In the early 1950s transistors had not yet replaced vacuum tubes in most electronics. Tubes varied widely in their actual characteristics, and engineers had developed techniques to ensure that the overall circuit was not overly sensitive to these changes. The same techniques had not yet been developed for transistor-based systems, they were simply too new. While smaller circuits could be "hand tuned" to work, larger systems using many transistors were not well understood. At the same time transistors were still expensive; a tube cost about $0.75 while a similar transistor cost about $8. This limited the amount of experimentation most companies were able to perform.
The DRTE was originally set up to improve communications systems, and to this end they started a research program into using transistors in complex circuits in a new Electronics Lab under the direction of Norman Moody. Between 1950 and 1960, the Electronics Lab became a major center of excellence in the field of transistors, and through an outreach program, the Electronic Component Research and Development Committee, were able to pass on their knowledge to visiting engineers from major Canadian electronics firms who were entering the transistor field.
The key development that led to the eventual construction of the computer was Moody's invention of a new type of flip-flop circuit, a key component of all computer systems. Moody's design used a P-N-P-N junction, consisting of a PNP and NPN transistor connected back-to-back. Most machines of the era used Eccles-Jordan flip-flops; this was originally a tube-based concept that was being used by replacing the tubes with transistors. The P-N-P-N circuit offered much higher power output, allowing it to drive a greater number of "downstream" circuits without additional amplifiers. The overall effect was to reduce, sometimes greatly, the total number of transistors needed to implement a digital circuit. Moody published his circuit in 1956.
One downside, only realized later, is that the current draw of the flip-flop was not balanced, so storing different numbers in them could lead to dramatically different current needs on the power supply. Generally this sort of changing load is something that should be avoided wherever possible to reduce noise generated when the power draw increases or decreases. At very low power levels, as in a computer, these pulses of noise can be as powerful as the signals themselves.

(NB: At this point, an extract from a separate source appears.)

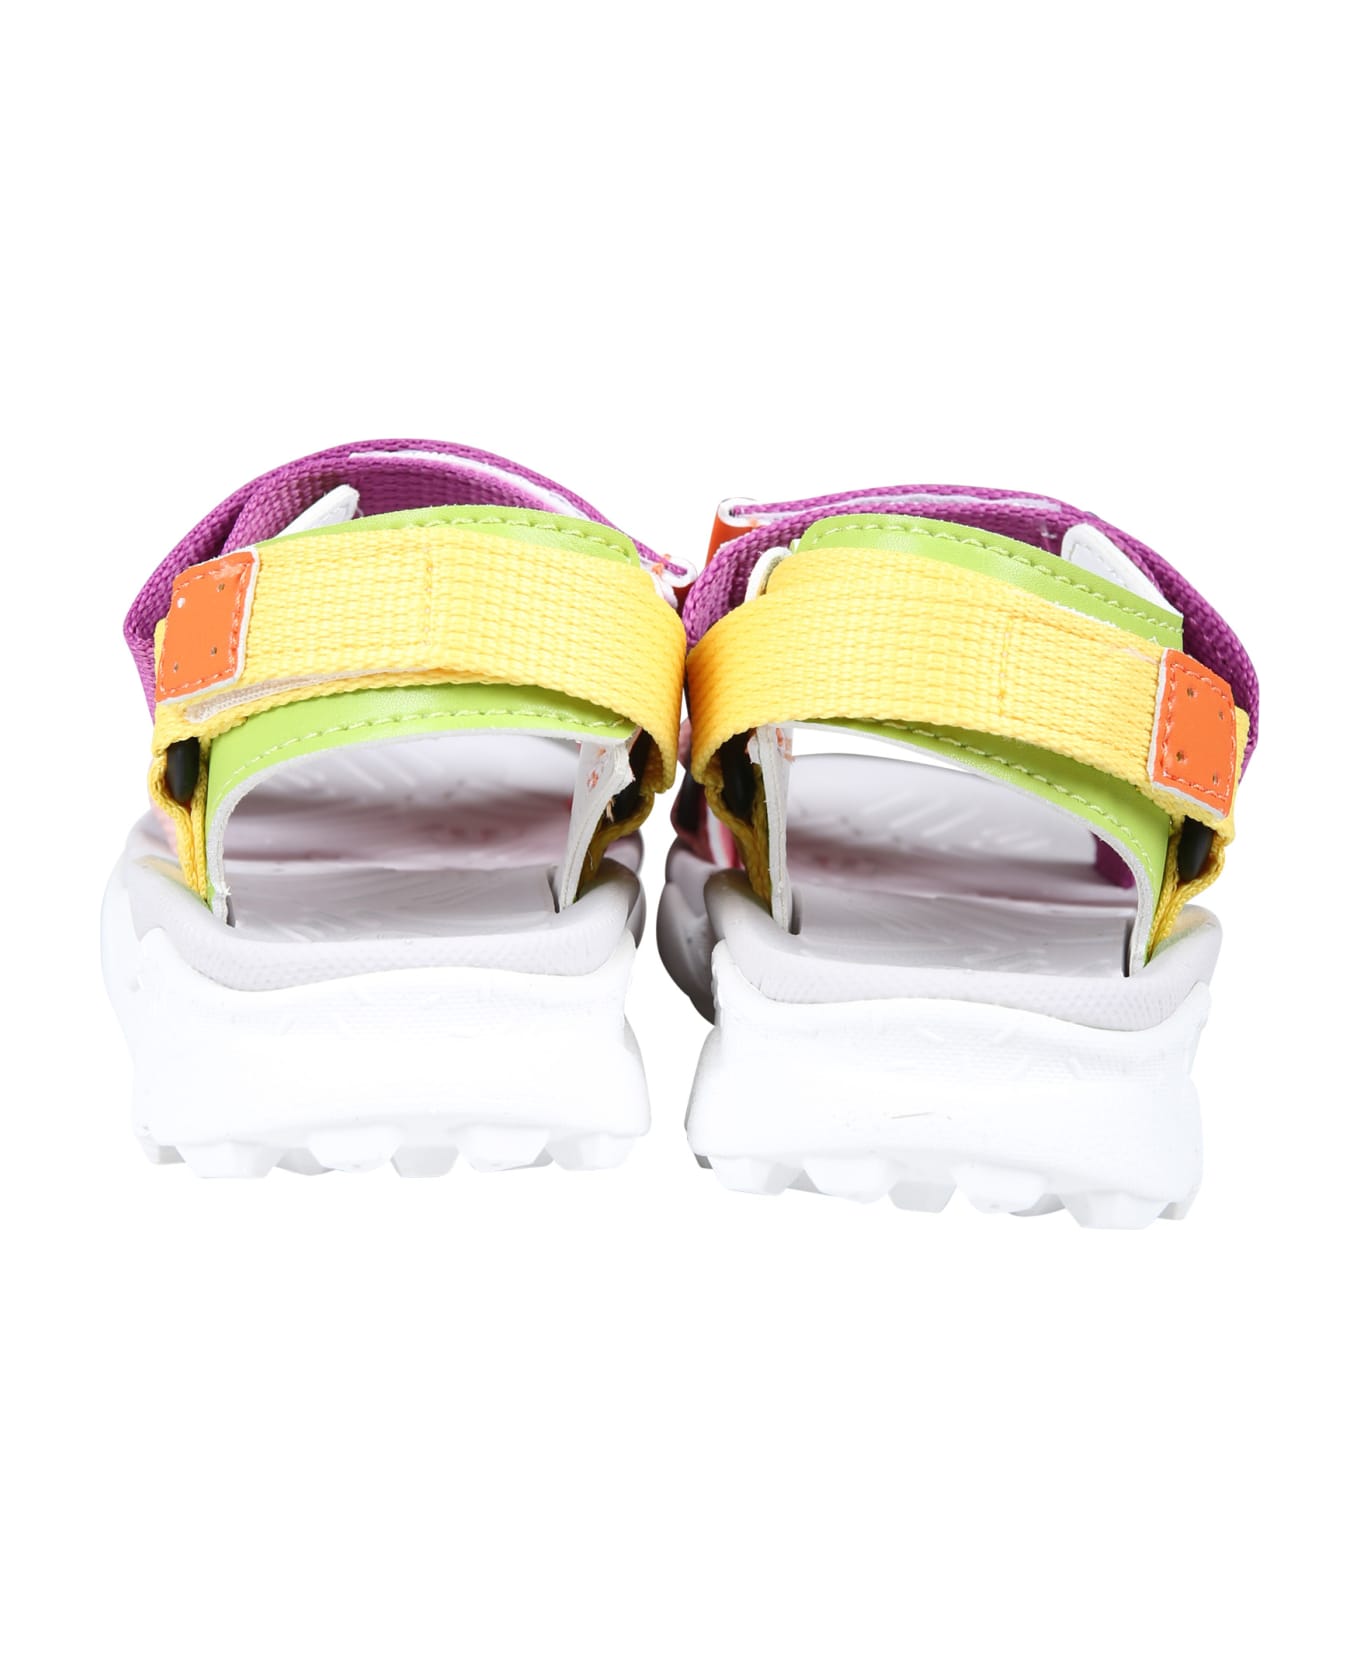 Flower Mountain Multicolor Nazca Sandals For Girl - Multicolor シューズ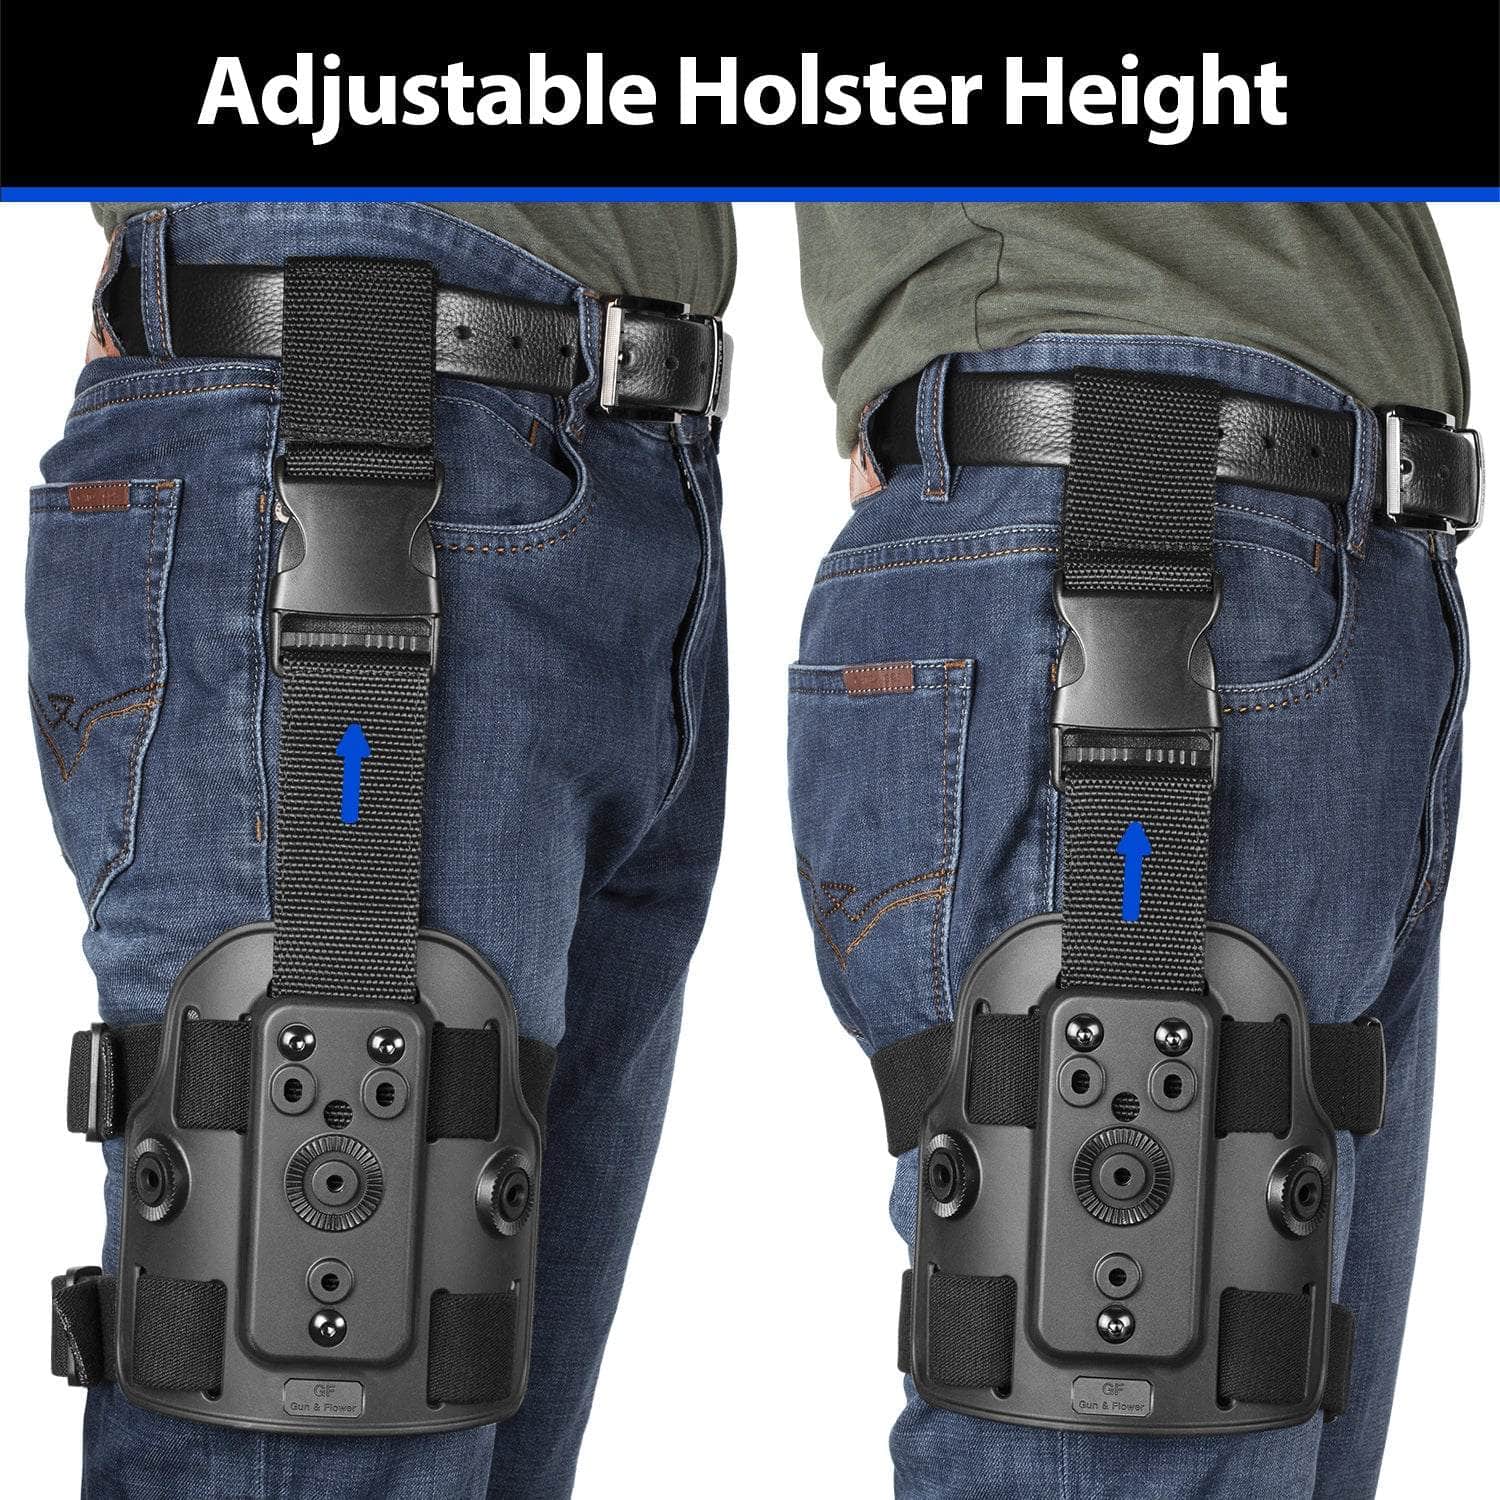 Drop Leg Platform Polymer Drop Leg Panel Attachments for Holsters

Although it appears it was never an official recommendation, by the mid-1950s the DRTE decided that the best way to really develop transistor techniques in a complex system was to build a computer. This was not something they needed for their own use at the time, it was simply an example of an extremely complex system that would test their capabilities like few other systems could. But as development continued, many of the engineers involved became more interested in computer design than electronics, outside the DRTE's charter and eventually a source of friction between the group and the DRB who funded them.
Starting about 1955, David Florida drove the development of a computer using Moody's flip-flop design. He examined existing computer designs and concluded that the main limitation in computer complexity was due largely to the burnout rate of the tubes; a more powerful design required more tubes, which meant more frequent burnouts. Although a number of truly massive machines had been built, like SAGE, most machines were much smaller in order to improve uptime. With transistors this limitation was removed; more complex machines could be built with little effect on reliability, as long as one was willing to pay the price for more transistors. With the price of transistors falling all the time, Florida's design included every feature he imagined would be useful in a scientific machine.
In particular, the design was to include a number of subsystems for input/output, a hardware binary/decimal converter , floating-point hardware including a square root function, a number of loop instructions and index registers to support them, and used a complex three-address instruction format. The three-address system meant that every instruction included the address of up to two operands and the result. The system did not include an accumulator, the results of all operations being written back to main memory. This was desirable at the time, when computer memories were generally comparable in speed to the processors (today memory is much slower than processors).
Florida had previously worked with the team building the Manchester Mark 1, and following their lead he designed the DRTE machine with 40-bit words. An instruction was broken down into four 10-bit parts (the instruction and three 10-bit addresses), integers used 39 bits and one for a sign, while floating point numbers had an 8-bit exponent with one bit for the sign and a 32-bit mantissa with one bit for the sign. Florida felt that the three-address instruction format, including the addresses of two parameters and a result, would make programming easier than a register-based system.
An experimental version of the machine consisted of the basic math unit and memory handling. Construction of the complete system started in 1958 and was completed in 1960. The machine ran on a 5 microseconds/cycle lock, or 200 kHz, fairly competitive for a machine of the era. A floating point add took between 50-365 microseconds (μS). The longest instructions, divide or square root, took 5.3 milliseconds (ms) for floating point. Integer adds took about 200 μS, but other operations were handled in subroutines as opposed to hardware and took much longer; a division/square root taking 8.2 ms for instance.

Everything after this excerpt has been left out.